- **Your objective**
The task calls for an exact retyping of the lines from the one holding "ThomasSThoms Men/â/€/™s Kraftwerk" through the end of the listing, with pictures omitted and nothing added.

- **Dataset content**

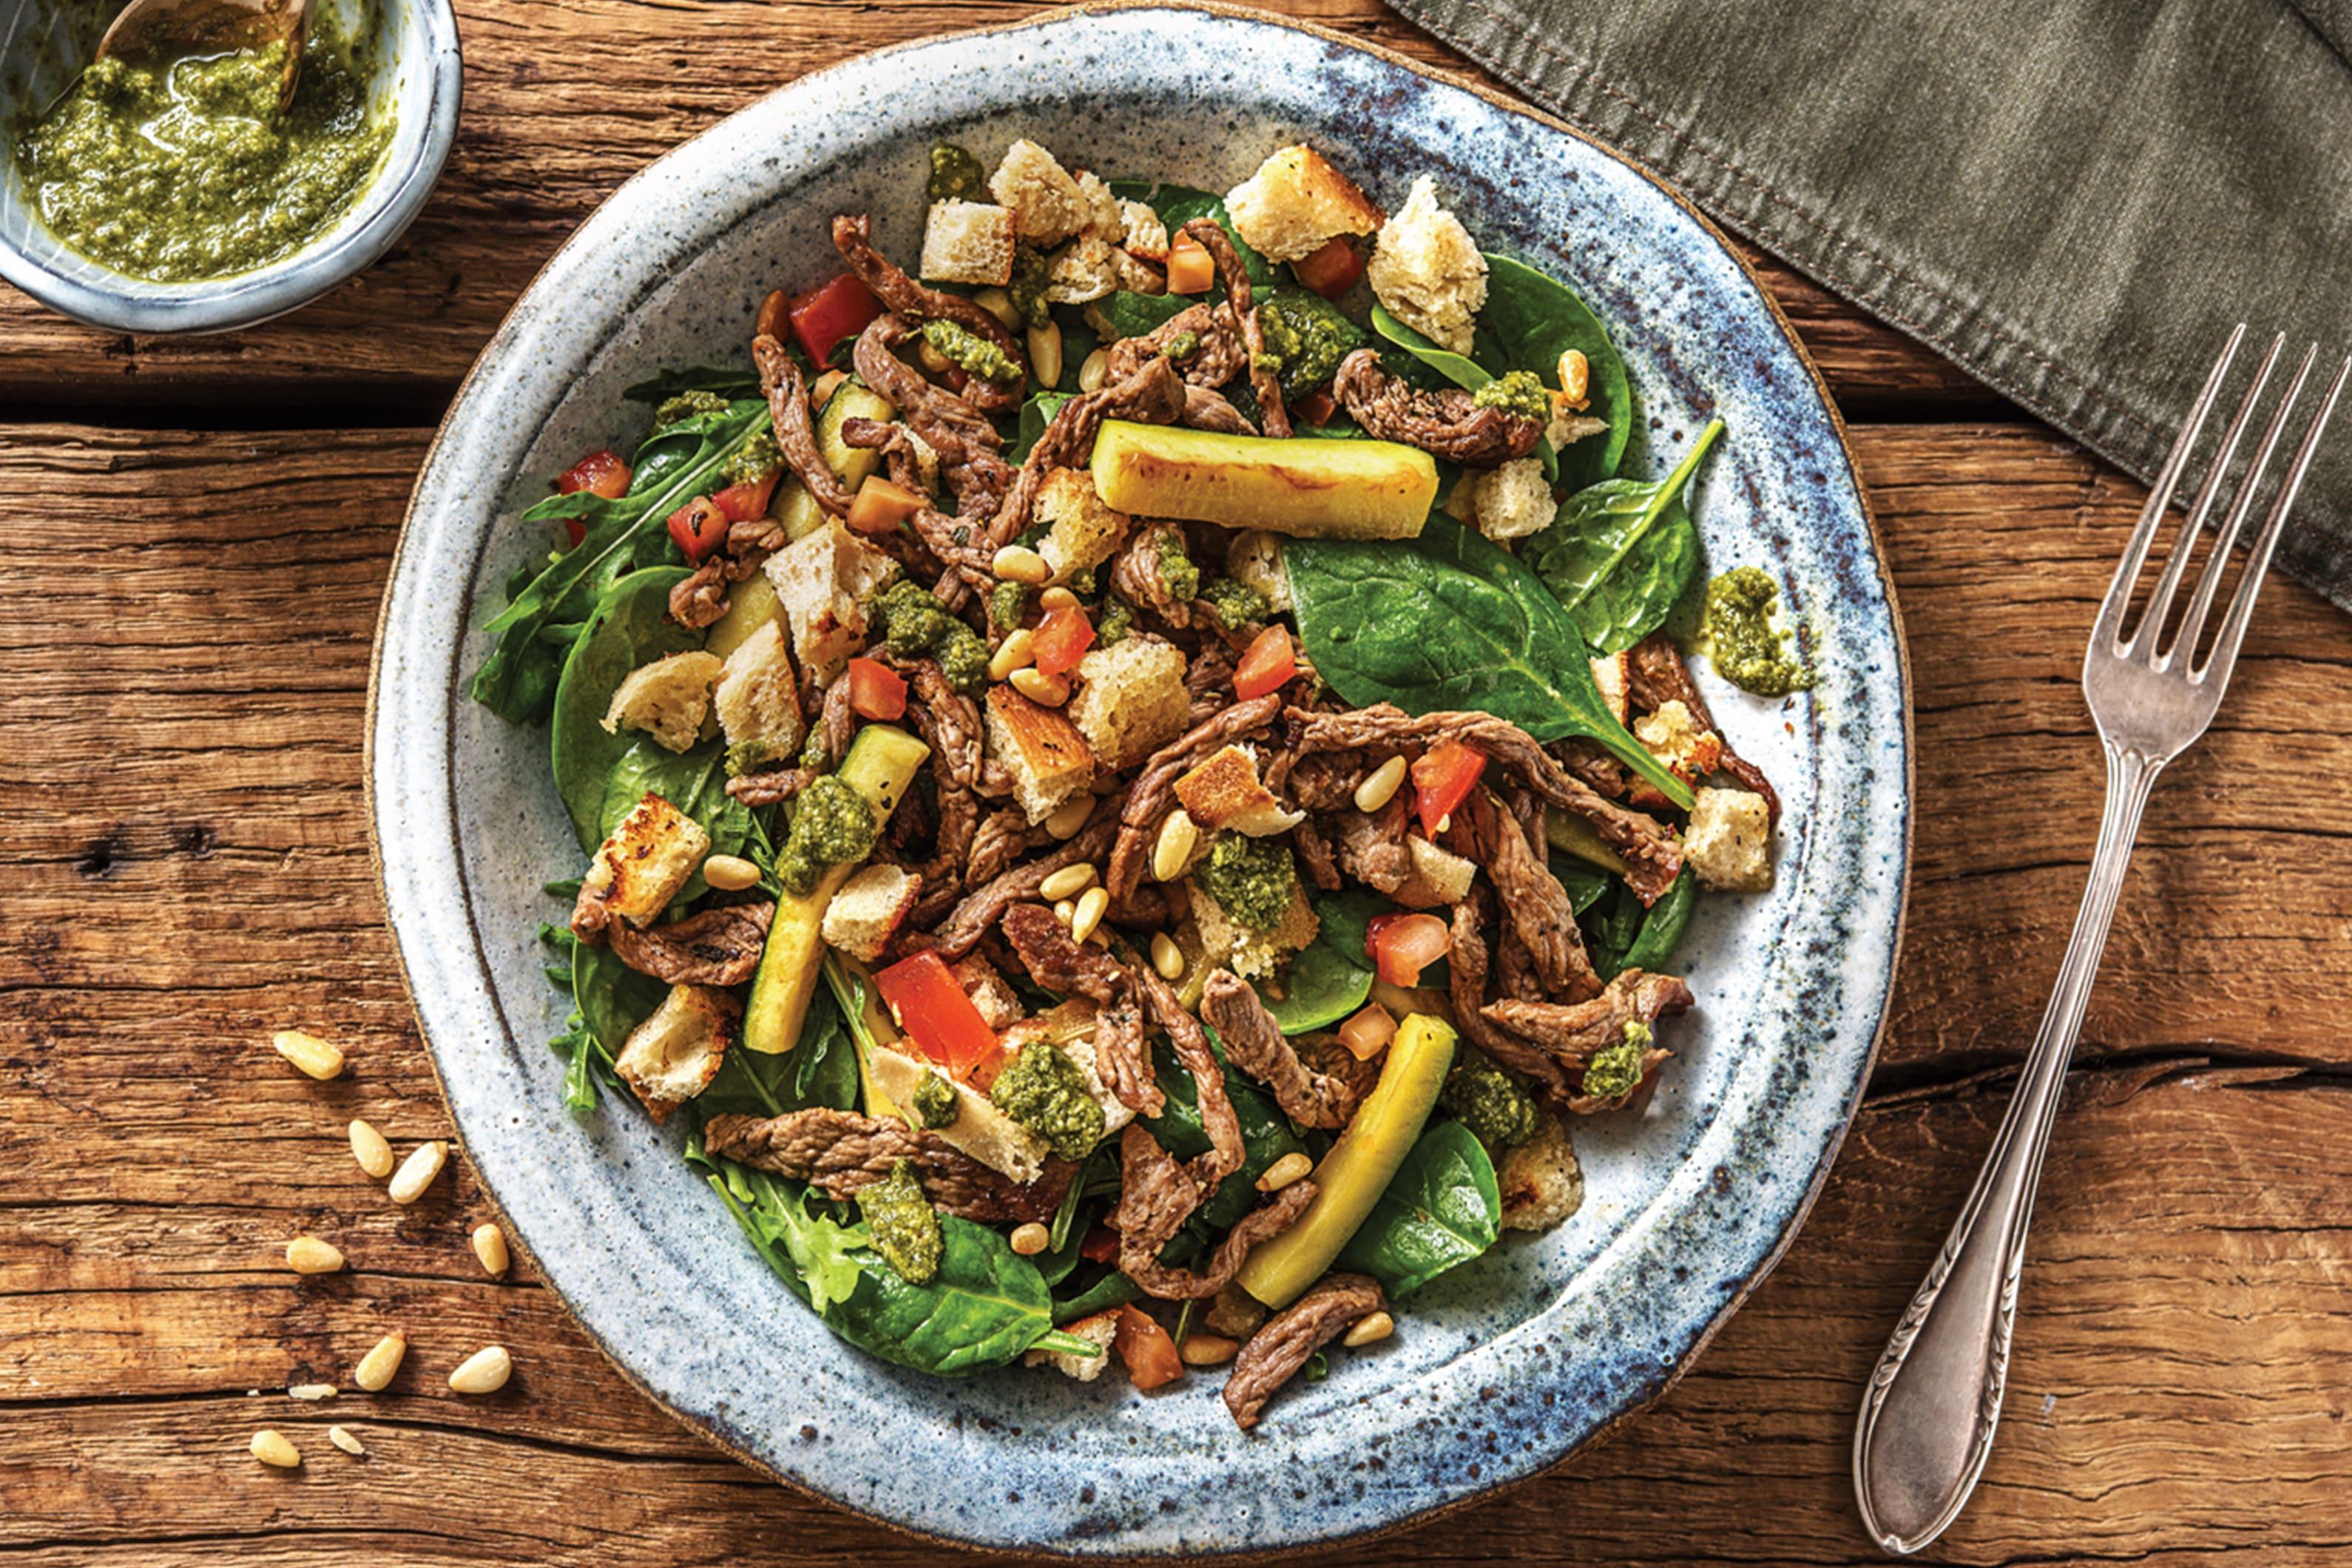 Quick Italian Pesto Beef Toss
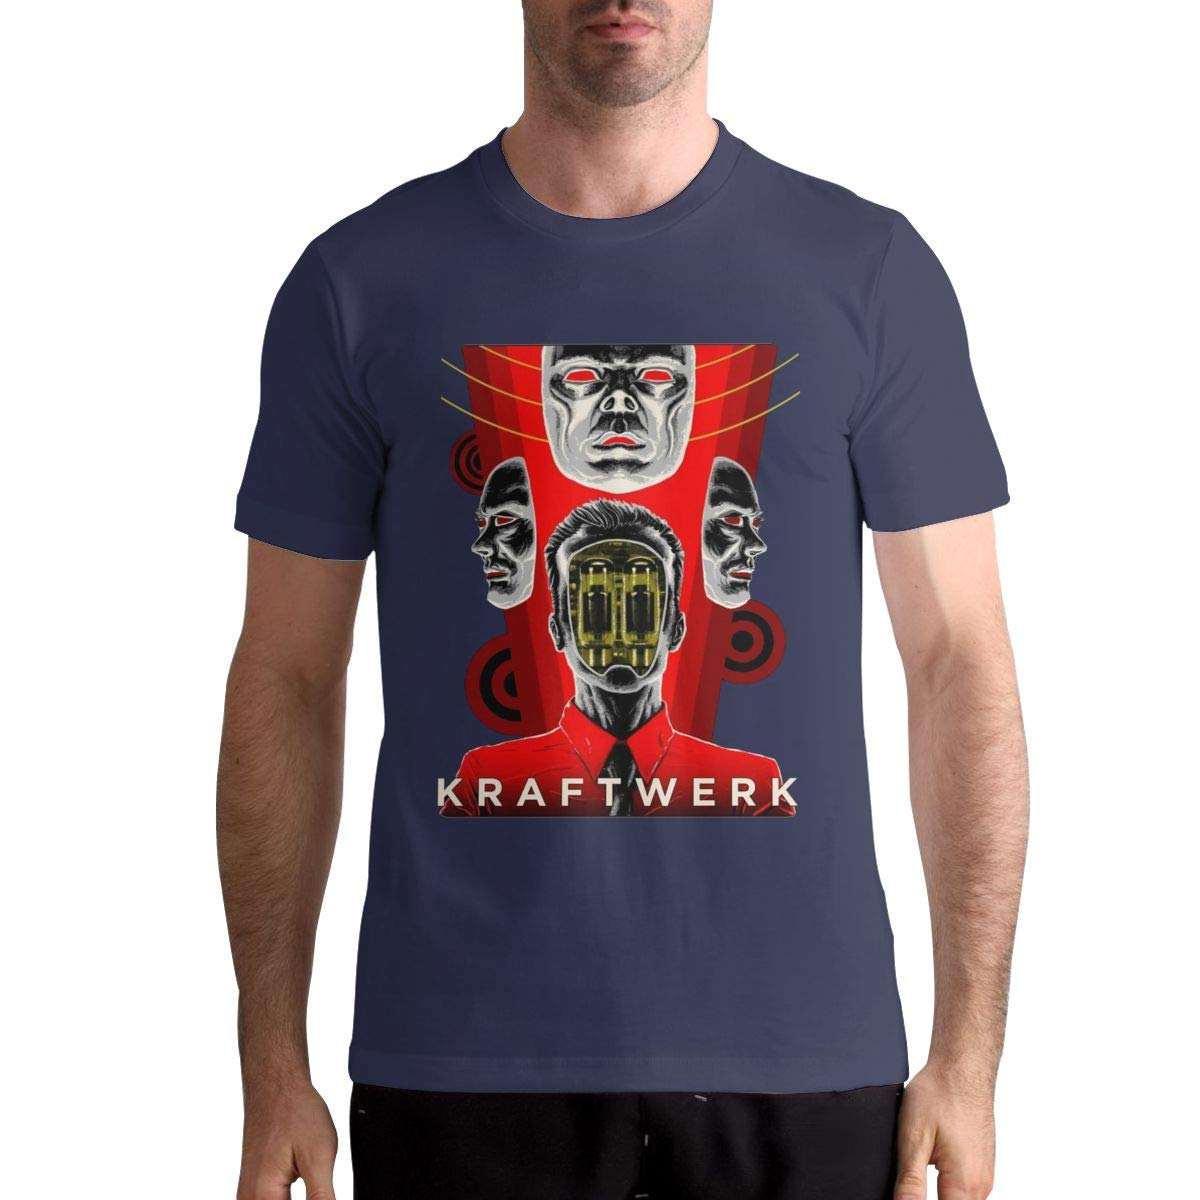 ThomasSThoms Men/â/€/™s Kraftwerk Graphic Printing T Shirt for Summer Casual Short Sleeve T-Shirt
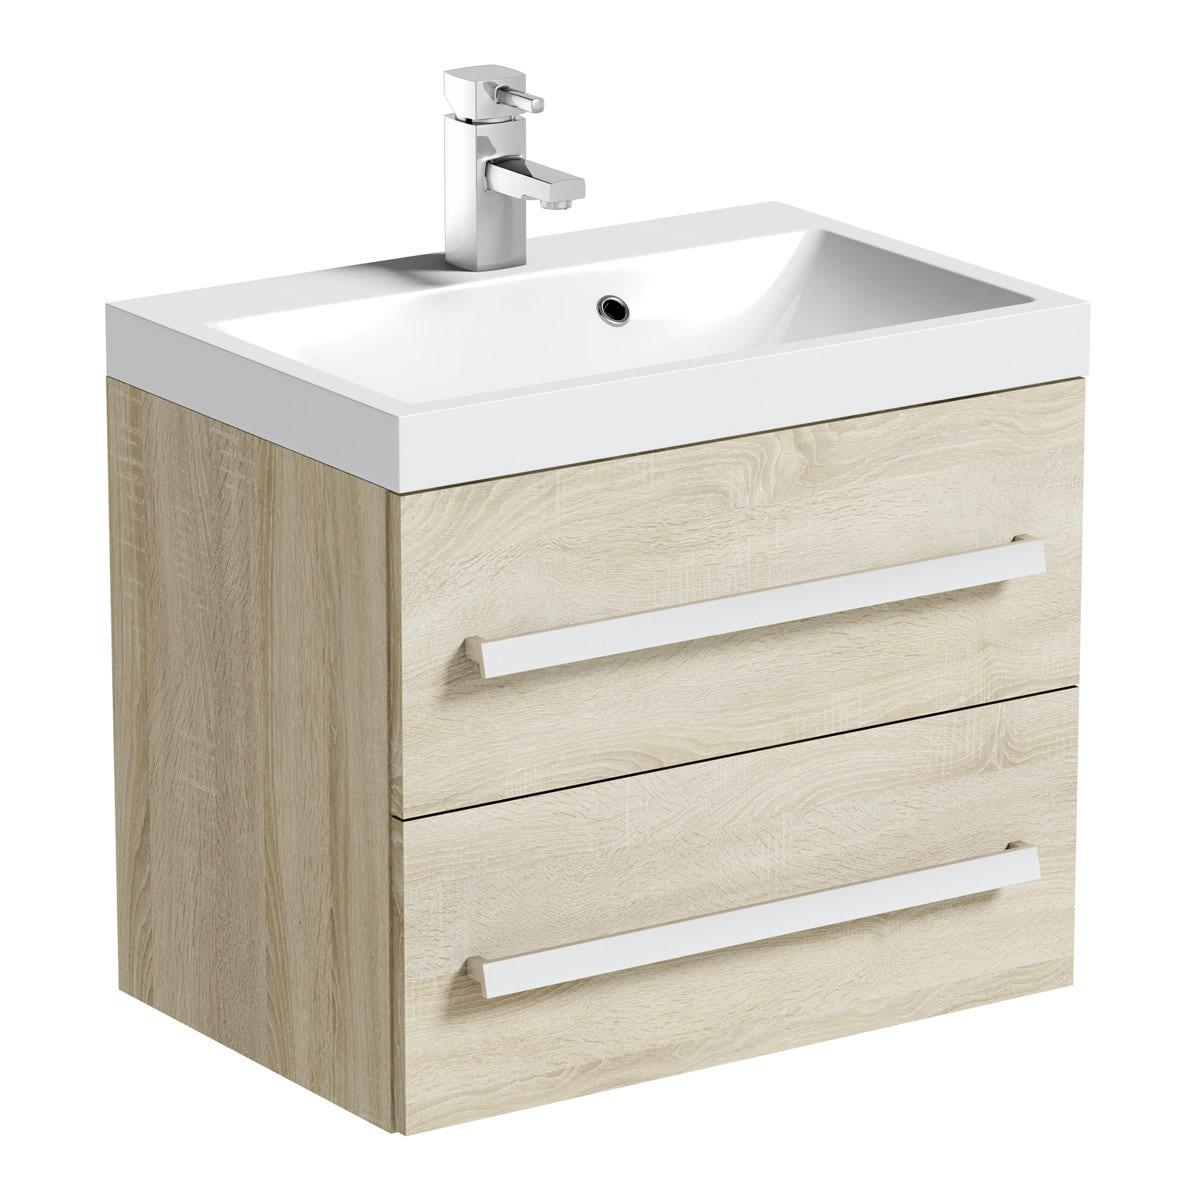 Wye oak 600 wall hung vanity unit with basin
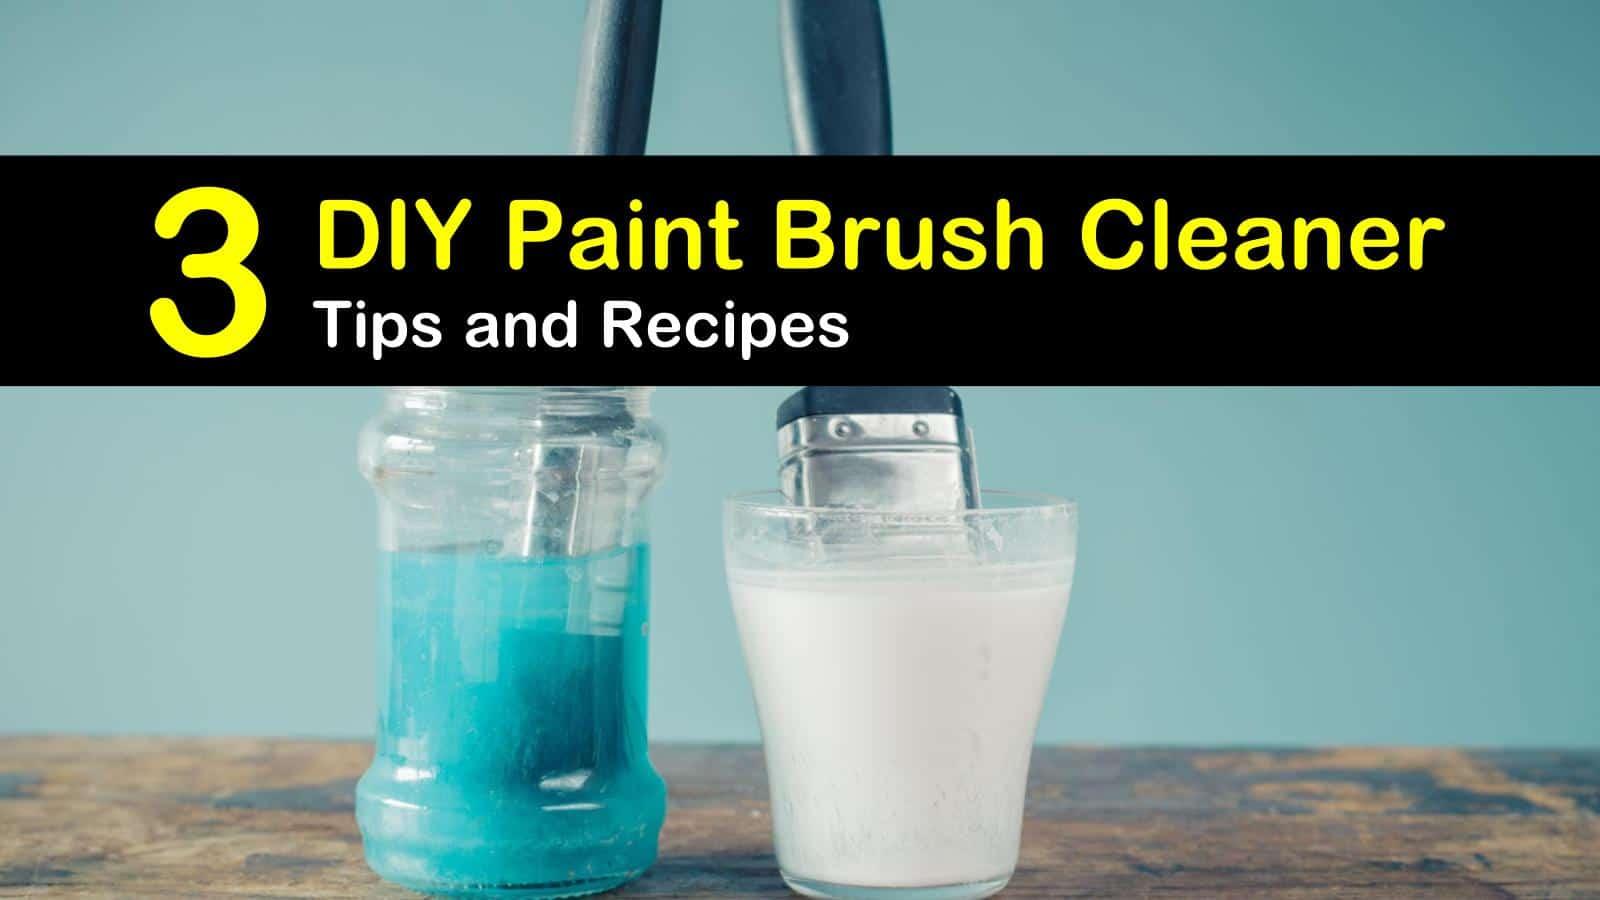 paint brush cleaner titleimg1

- **Response to this exercise**
 ThomasSThoms Men/â/€/™s Kraftwerk Graphic Printing T Shirt for Summer Casual Short Sleeve T-Shirt
 Wye oak 600 wall hung vanity unit with basin
 paint brush cleaner titleimg1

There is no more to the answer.